I'd Rather Do It Myself

April 4 1984

Dear Readers,

April is Handicapped Awareness Month in the city of Milford. It is only fitting them that the person who is made most aware of a handicap be an April fool model. By foolishly ignoring a doctor's advice I continued to run around on an infected foot until I landed myself in a really awful situation. Flat on my back, foot in the air and totally dependent on other people to help me through my day.

Even though I am able to sit occasionally and hobble about the room to change the channel or to get another book to read, I'm not supposed to. Until I can figure out how to get Medicare to pay for a slave, I can once again be grateful for my big family to have swooped down and taken control of their usually uncontrollable little member. Taking wonderful e and trying to make me happy is their only desire. I've been fluffed, buffed and puffed, propped, plopped and carried everywhere that I've to be moved to.

I am certainly being given a Lord's eye view of what life could be like should I ever become permanently disabled mobility-wise and it's driving me nuts! I am sore, bored and becoming cranky: If I don't commit suicide soon - I'm sure to commit murder!
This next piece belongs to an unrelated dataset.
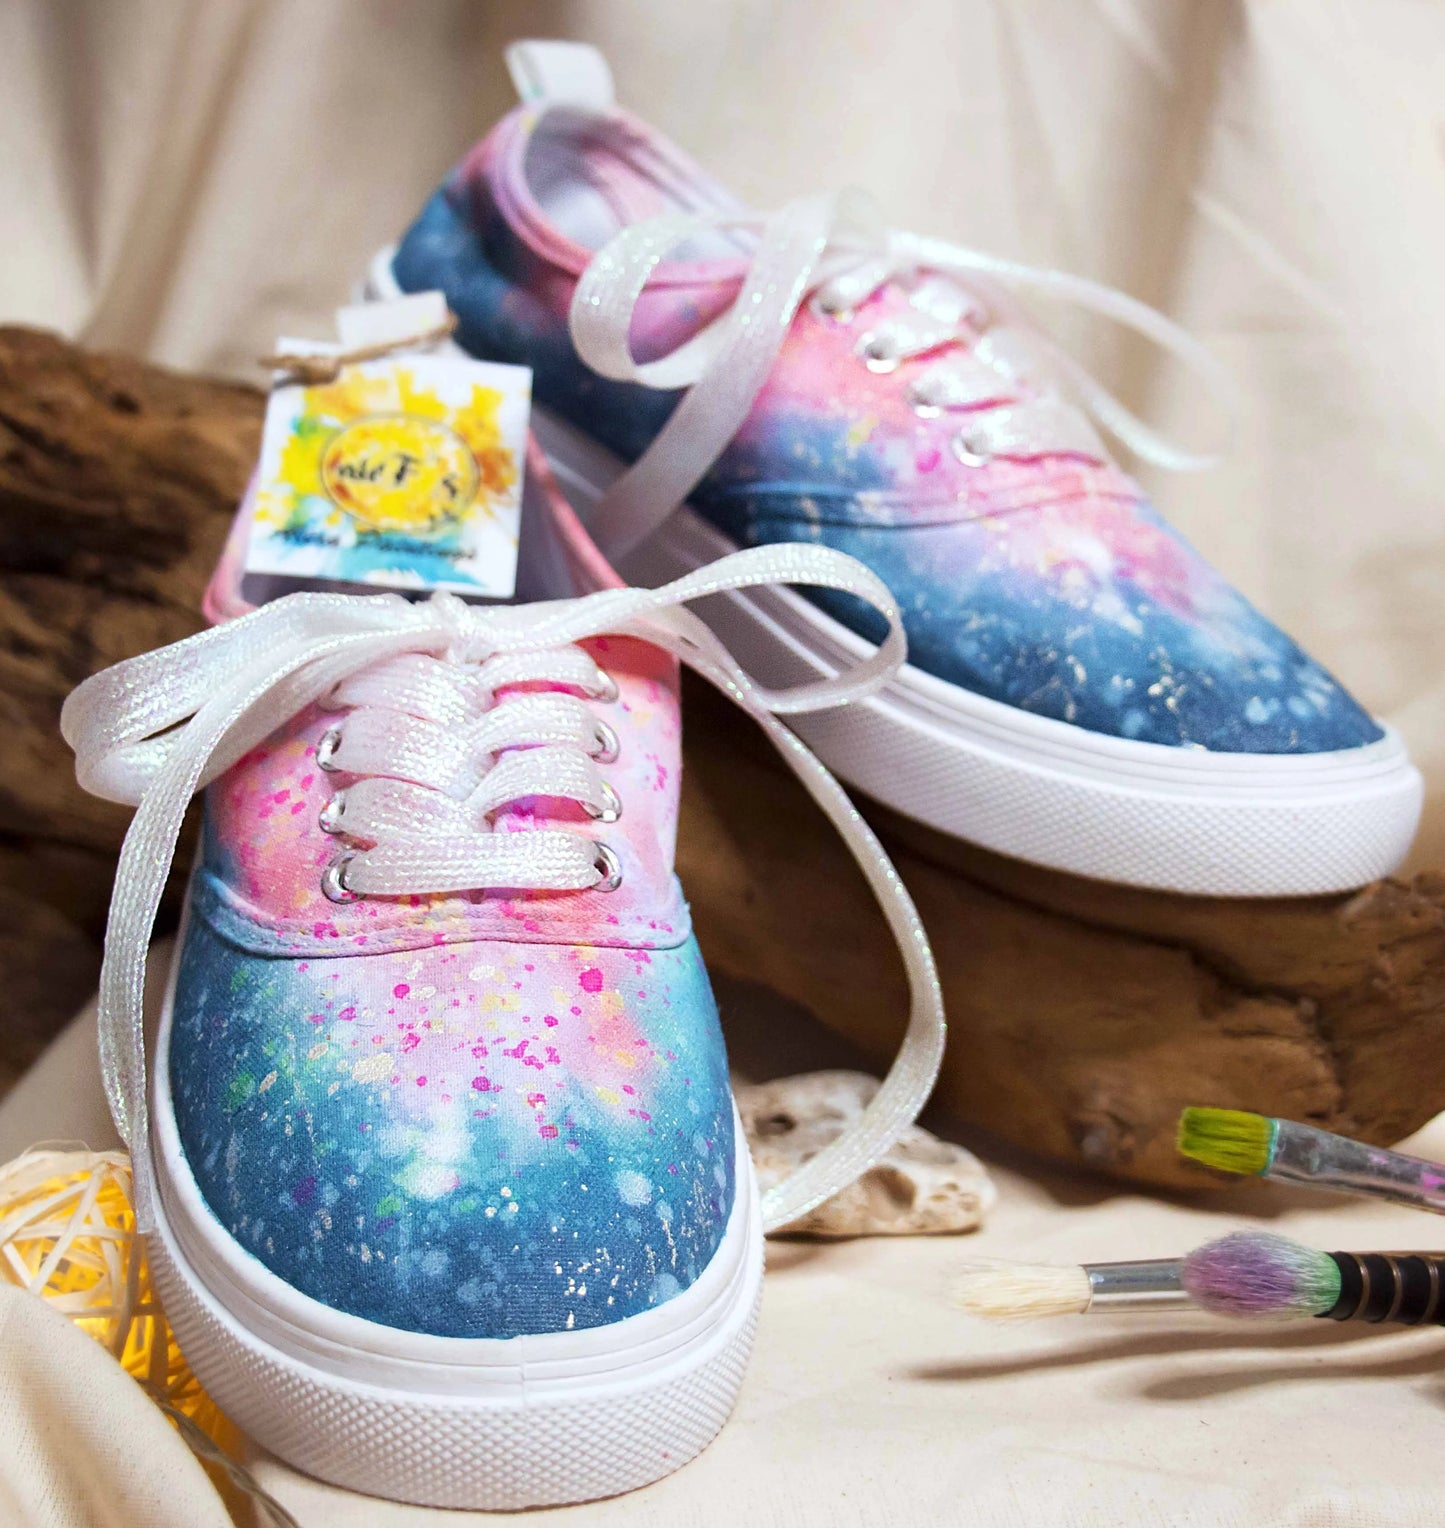 Tenisi Pictati, Painted Sneakers, Pictura Manuala Tenisi, handmade shoes, Everyday shoes, Woman Fashion, customized shoes, Holi, Holi Sneakers, Nature, Meaningful painting, look inside, Splash, Splashes

"Please mother, I'd rather do it myself!" I can calm my impatience though. I know that I will be able to get up and run about on my own again as soon as the infection clears and the cuts heal.

I have been made acutely aware of how fortunate I am to have the use of my legs, I have learned that I am too weak to use crutches and too small for a manual wheelchair. I have learned something else. I have learned that even though I have grown up with a visual disability like Progeria and have become used to turning heads in a crowd - that it bothered me to have people watch me being carried in and out of places! That was a lesson I never would have thought I needed to be shown.
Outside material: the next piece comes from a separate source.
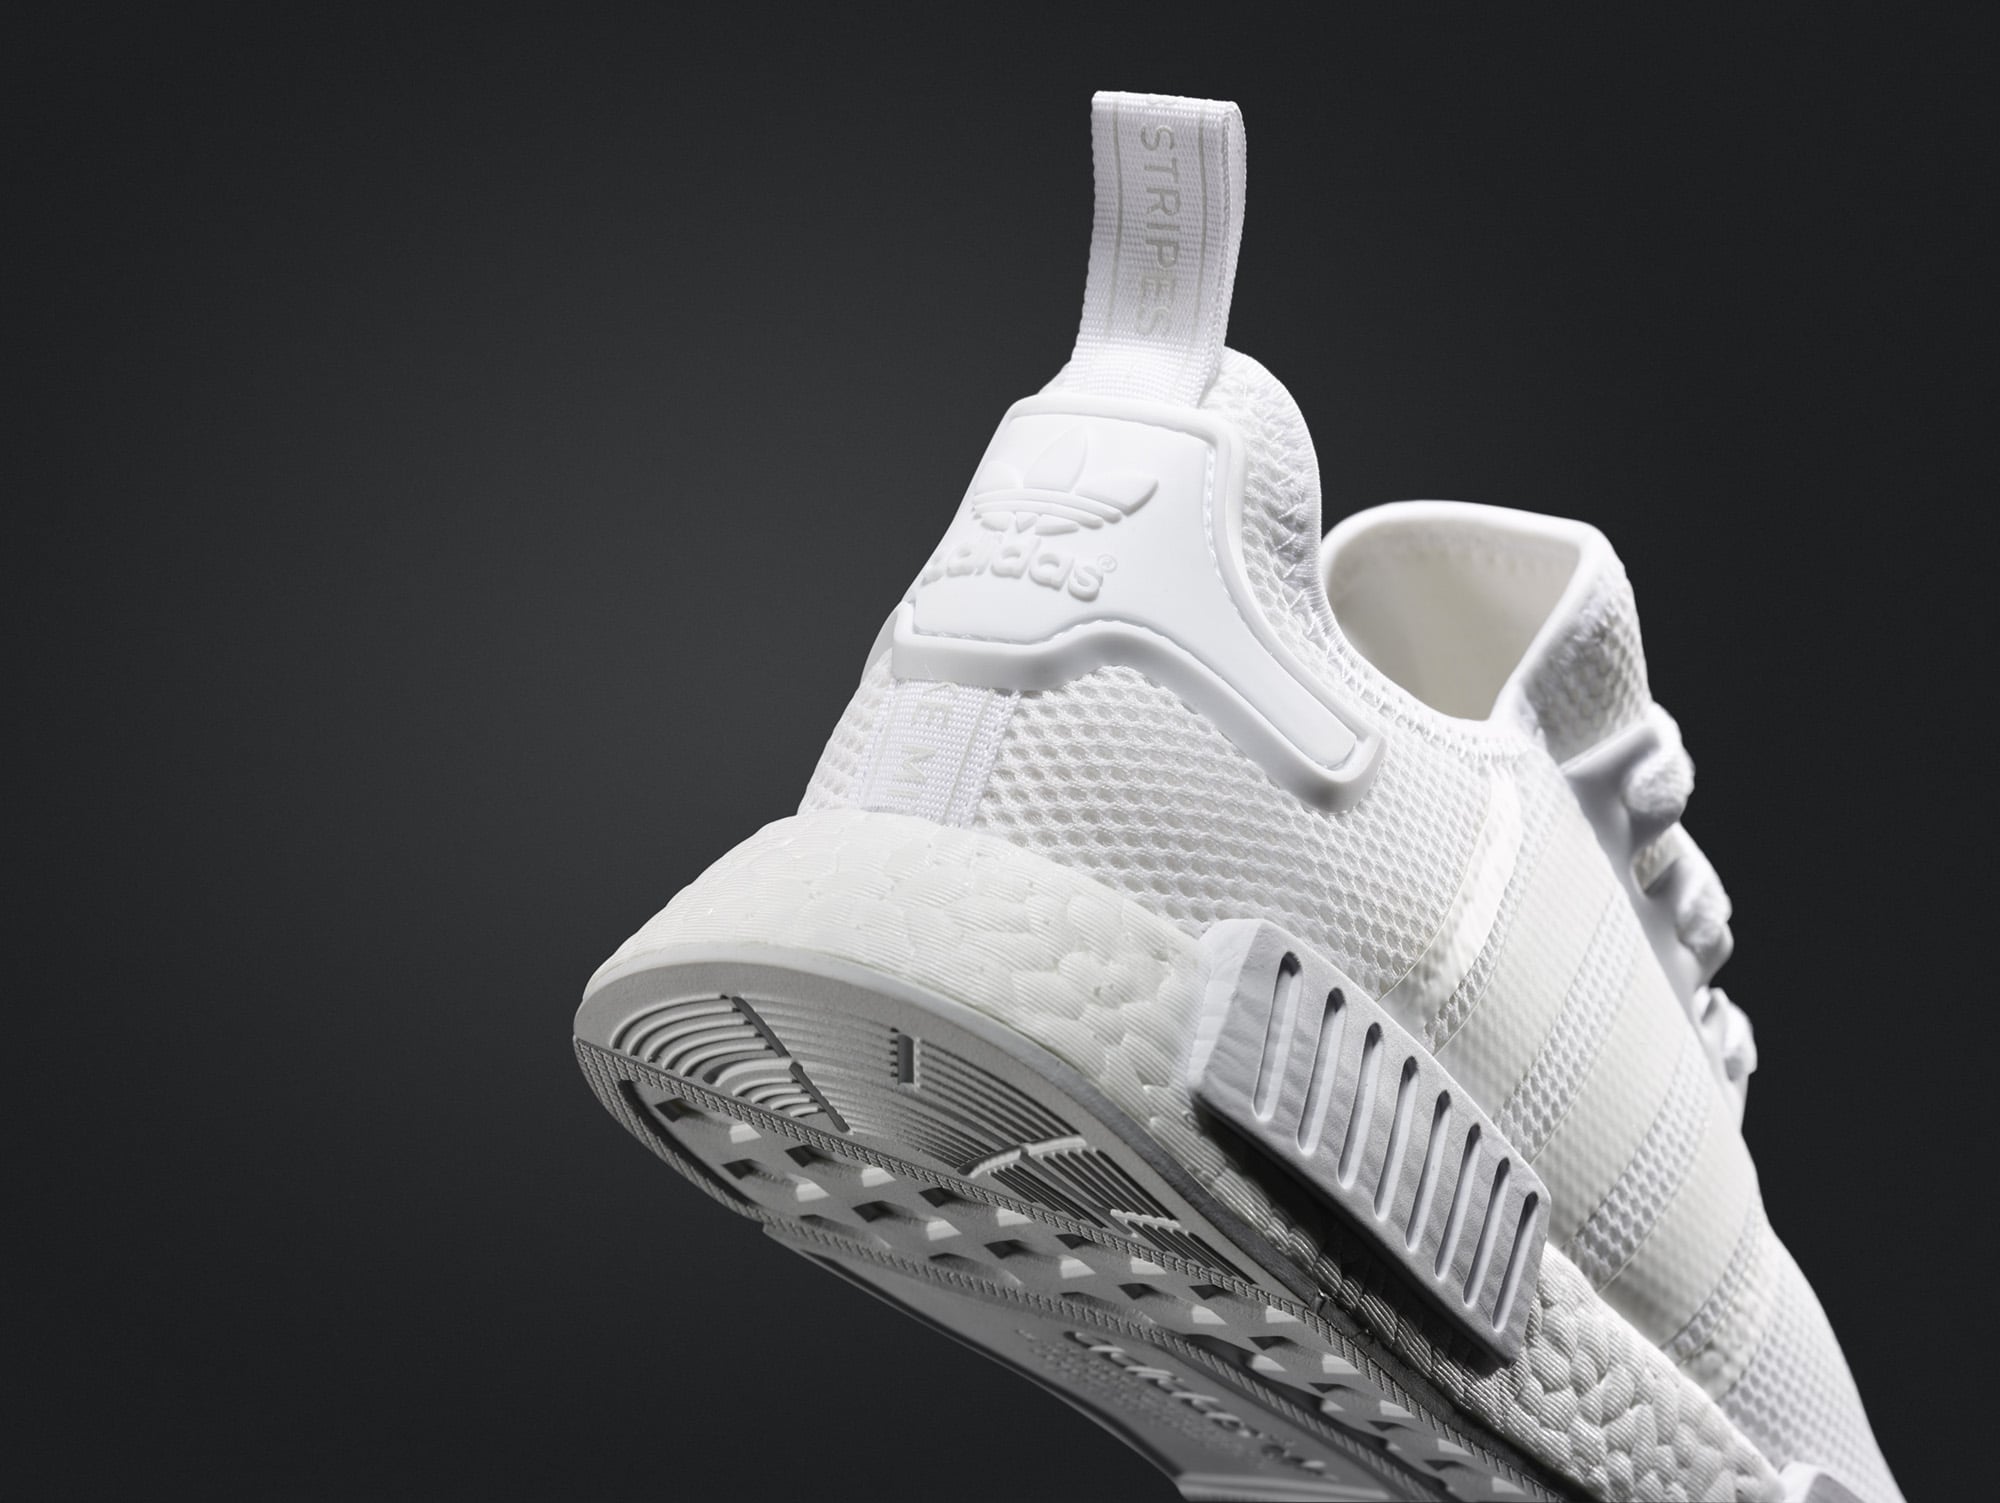 adidas all white nmd

An awareness activity is to spend part of a business day by trying on a disability for a few hours. Try this out and see how our lives and careers would be affected were the disability genuine.

I'd like to recommend that everyone take part in this project. Put Vaseline on eyeglasses and see what it is like to have visual problems. Padding over your ears can simulate deafness. Strap one arm to your side and only have the use of one as a stroke victim might. Close your eyes and try to imagine never knowing what a child's smiling face looks like. Then thank the good Lord that you do.

A stubborn foot infection a little more than a year later led to Meg's death a year later.

Offering Help To The Disabled

June 6 1984

Dear Meg,

The other day during the rain I saw a man in wheelchair going up a steep ramp. He was doing it but with great difficulty. He refused my help by saying "I can do it myself." Should I leave him alone or should I wait and make sure he got the ramp safely?

D.S.

Dear D.S.,

The situation which you have described certainly was a ticklish one. Were I to find myself in a similar circumstance I think I'd be hard pressed to just walk away if my concern for the gentleman's safety seemed truly warranted.

Whether or not the weather conditions had added incentive to offering health not only to get up the ramp but to rush between the raindrops as well, the reaction you received from that disabled gentleman is not an uncommon one.

Assertion of independence is a very important thing to most people. It is especially important to someone who is doing battle against the physical limitations and restrictions of a disability and asserting independence in every way and instance possible seems imperative – like hauling yourself up a ramp in the pouring rain letting everyone else run by.

I don't know whether the tone of his reply was a hostile one or friendly but definite rejection of your assistance. On the same count I don't know what the tone of your offer was like – pitying or friendly. Assuming that all went along well. We can only continue to offer friendly assistance when we think someone might like or need it, but when it is refused, we can also only continue to respect each individual's ability to assess his or her own capabilities.

Independence is a funny thing, the urge for it doesn't only come out with the sun. No matter how silly or stubborn it may seem to others at times, the urge for it is constant, rain or shine. The need to do something unassisted even in a torrential downpour may be an attempt to prove some ability to himself as well as to the world confining him.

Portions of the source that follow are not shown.